# Experience with MF 124 baler?



## Hokelund Farm (Feb 4, 2014)

Saw this on craigslist today...

"Massey Square baler, owners manual, excellent condition, stored inside. Great baler, no issues"

$2,500 sounds pretty steep for an old baler.

We have a 24T, and I've head good things about the older NH.

Anyone have experience with a MF 124?

http://rmn.craigslist.org/grd/4336577436.html


----------



## carcajou (Jan 28, 2011)

On my 3rd MF 124. They make a very good bale and have a simple knotter system. I would not part with mine for $ 2500.


----------



## kidbalehook (Mar 19, 2013)

We had a 124 for a long time... I would not compare it to anything along the lines of New Holland. Once you bale with a NH, you won't go backwards to a Massey again. We went from the MF124 to a NH 316, completely different baler. We picked up the pace on baling once we went to NH. Lot better capacity. If you're only doing light baling or hobby farming, it'll probably be just fine!


----------



## cornshucker (Aug 22, 2011)

We have had 2 of them very simple knotter system. they made 3 different series of the 124 if you can get one of the last ones in good shape 2500 is a pretty good buy. As kidbalehook said does not have the capacity of a NH 316 but it does have more than a 24t or NH310, 311 or 273. We thought ours was a considerable improvement over a NH 273. The biggest difference in the last generation is an improvement in the drive chains. Worst thing is the countersunk bolts that attach the shear knives can be a bear to get out. Definitely a place for anti-seize. Knotter is very simple and very reliable. , ties a bow knot instead of a square knot. Biggest thing do you have a good dealer near you. Looked at the picture on craigslist this is not one of the last generation so 2500 would probably be to much.


----------



## Hokelund Farm (Feb 4, 2014)

cornshucker said:


> We have had 2 of them very simple knotter system. they made 3 different series of the 124 if you can get one of the last ones in good shape 2500 is a pretty good buy. As kidbalehook said does not have the capacity of a NH 316 but it does have more than a 24t or NH310, 311 or 273. We thought ours was a considerable improvement over a NH 273. The biggest difference in the last generation is an improvement in the drive chains. Worst thing is the countersunk bolts that attach the shear knives can be a bear to get out. Definitely a place for anti-seize. Knotter is very simple and very reliable. , ties a bow knot instead of a square knot. Biggest thing do you have a good dealer near you. Looked at the picture on craigslist this is not one of the last generation so 2500 would probably be to much.

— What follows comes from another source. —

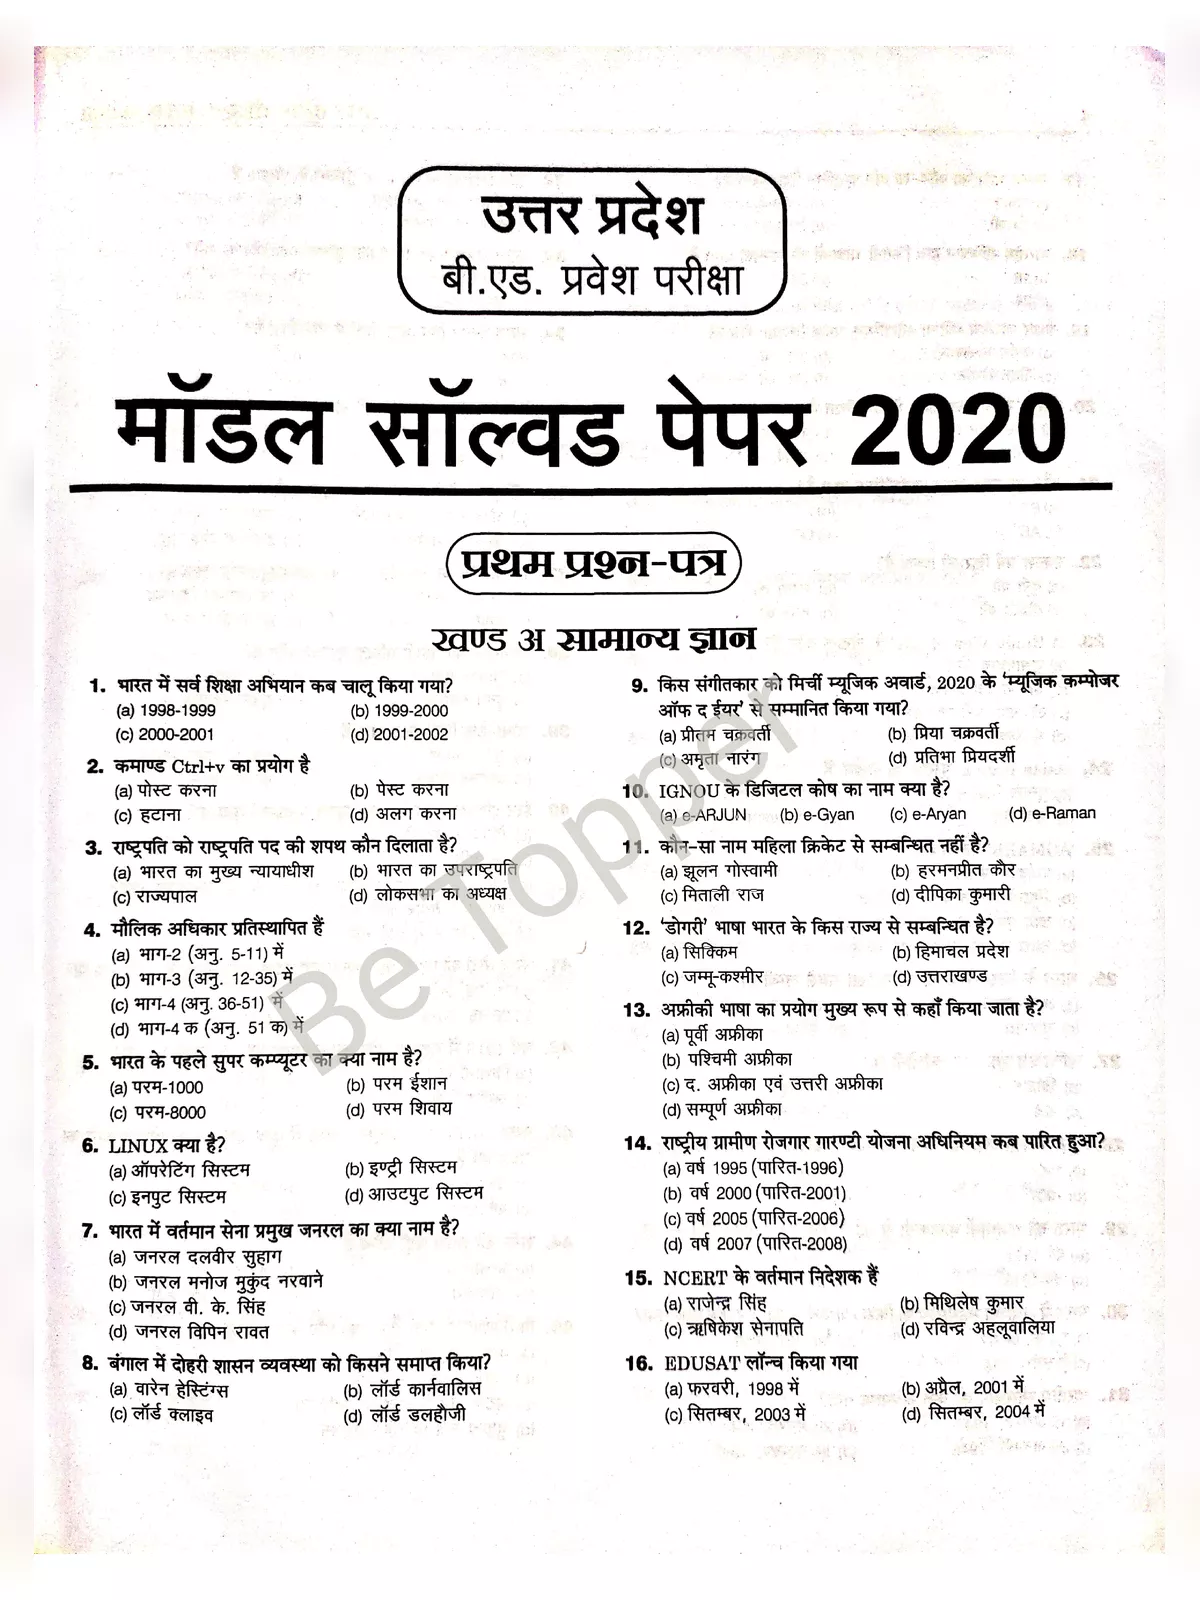 UP B.Ed Previous Year Questions Papers

Excellent info. Good to know that not all the 124's are the same. Our 24T works pretty good but there are some quirks that should be addressed. We only have 10 acres this year and we do have an old NH 853 round baler to use as well.


----------



## mshayfarm (Jul 17, 2011)

When ours went to the scrap yard it would still tie, but the rest was wore slam out. It done a good job for long time.


----------